How the Opioid Crisis is Affecting Healthcare Fraud with John LeBlanc of Manatt
The United States is currently in the midst of a crisis with opioid drugs. The CDC estimates that over ninety Americans die every day from an opioid overdose. In 2016 alone, drug overdoses killed over 64,000 Americans. These numbers are staggering and continue to rise each year as more opioids flood the streets from both foreign and domestic sources.
In response to this crisis, the U.S. Department of Health and Human Services began focusing on drug diversion, or the transfer of drugs from legitimate channels into the hands of those who are not legally authorized to have them. As a result, according to a 2017 report by HHS’ Office of Inspector General, one-fifth of Medicare patients were prescribed opioids in 2016 at the cost of over $4 billion.
One of the main reasons behind this increase in healthcare fraud is an abundance of prescription opioids due to the opioid epidemic. According to attorney John LeBlanc of Manatt, “The opioid epidemic has created an environment of over-prescribing. For example, the average time between a nonfatal overdose and the resumption of prescribing an opioid is just 13 days.” This means that many patients are prescribed opioids by their physician for pain relief after one prescription, only to return within weeks suffering from withdrawal due to dependent use. This creates an additional strain on the healthcare system since individuals are still in pain while also dealing with withdrawal.
Another major cause behind this increase in opioid-related healthcare fraud is that physicians’ prescription pads can be desirable targets for criminals. Since 2016, over thirty doctors have been charged by the Office of Inspector General for prescribing opioids without legitimate medical purpose or not providing a legitimate medical service. A doctor’s prescription can also be used to divert opioids from one location to another. In May 2017, the Office of Inspector General announced that over forty individuals had been charged with opioid diversion schemes totaling over $230 million in false billing from Medicare and Medicaid from January 2014 to December 2016 alone.

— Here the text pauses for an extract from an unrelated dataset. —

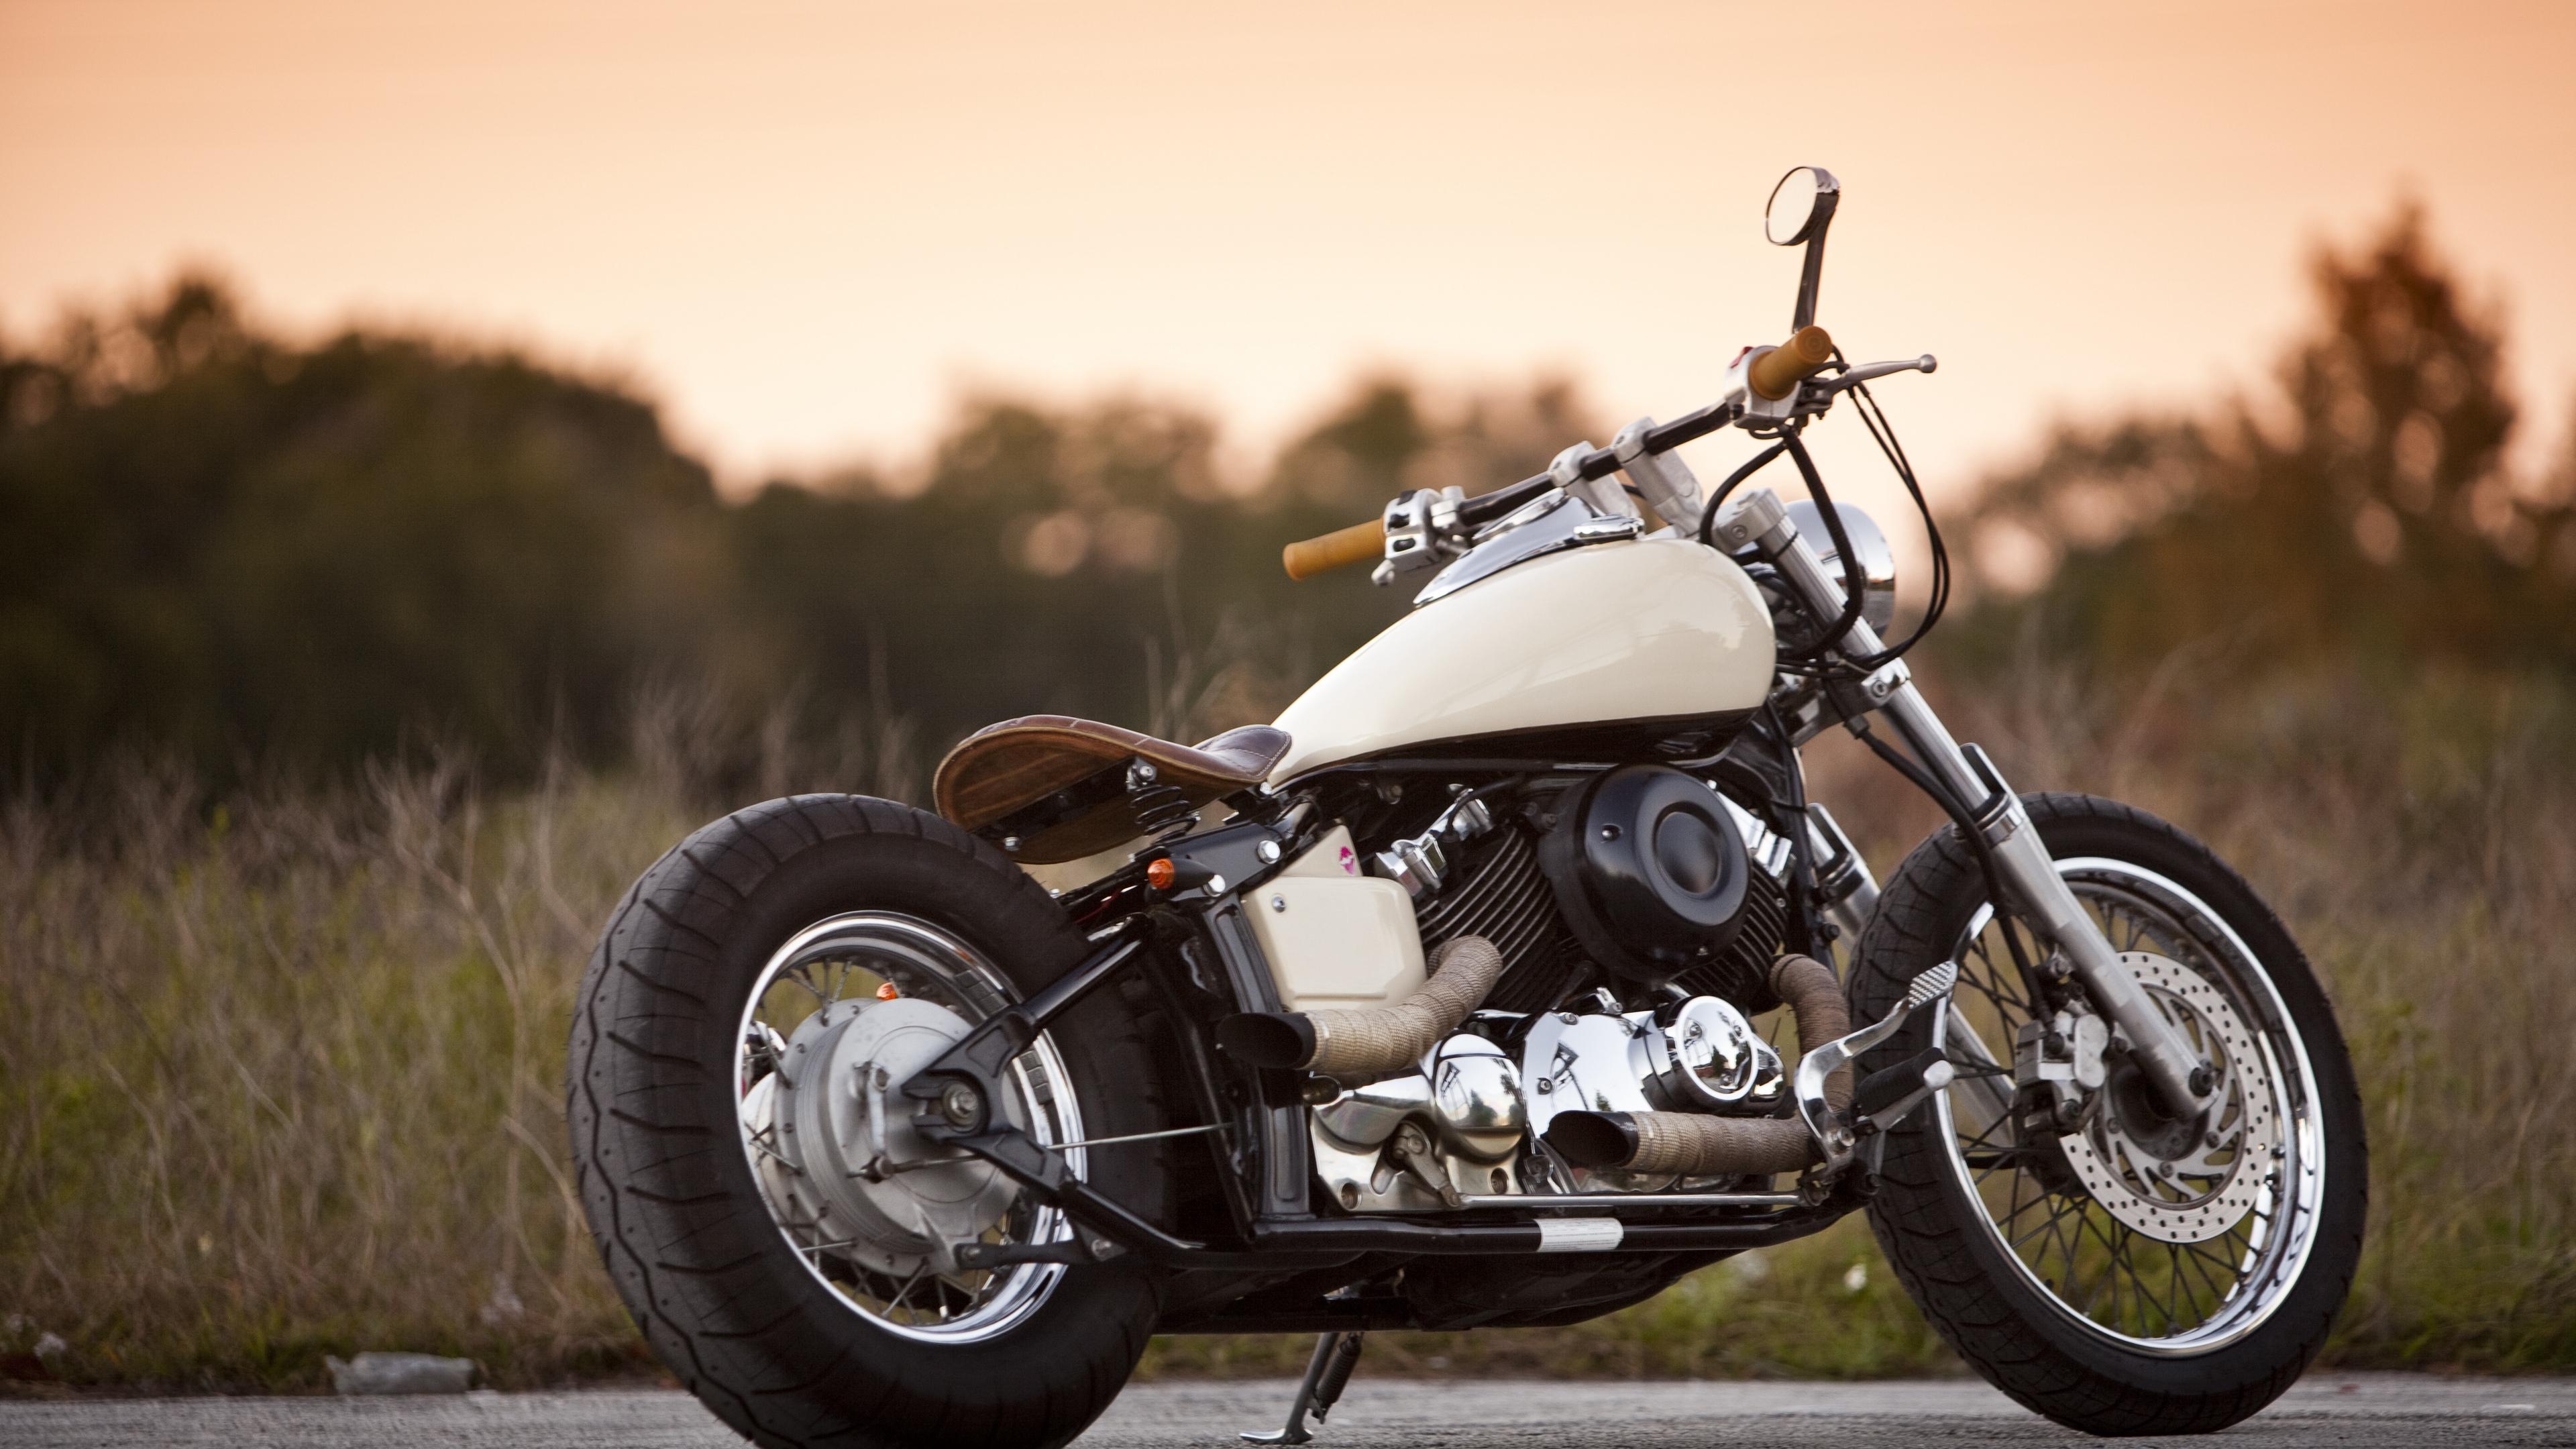 yamaha 650 yamaha motorcycle bike 4k 1536018874 - yamaha 650, yamaha, motorcycle, bike 4k - yamaha 650, Yamaha, Motorcycle

In 2016, the OIG found that roughly 10% of all states had some form of a drug monitoring program, while only two years prior, in 2014, only five states did. In addition, prescription drugs account for over $1 billion in healthcare fraud each year, which means there is a lot of incentive for criminals to try and game the system to get access to this money.
“This balance of criminals looking to get ahold of this money and law enforcement trying to stop them has created a system in which everyone is overusing scrutiny,” says LeBlanc. “Law enforcement has been very successful at finding doctors who are taking advantage of the system, but there isn’t much oversight when it comes to their investigations.”
This resulted in a system of physicians being suspended from Medicare and Medicaid time after time and a system of patients suffering as they have lost their doctors. In addition, with so much attention on physicians, drug diversion rings have been able to find success moving drugs inside the healthcare system due to a lack of oversight from regulators for other industries.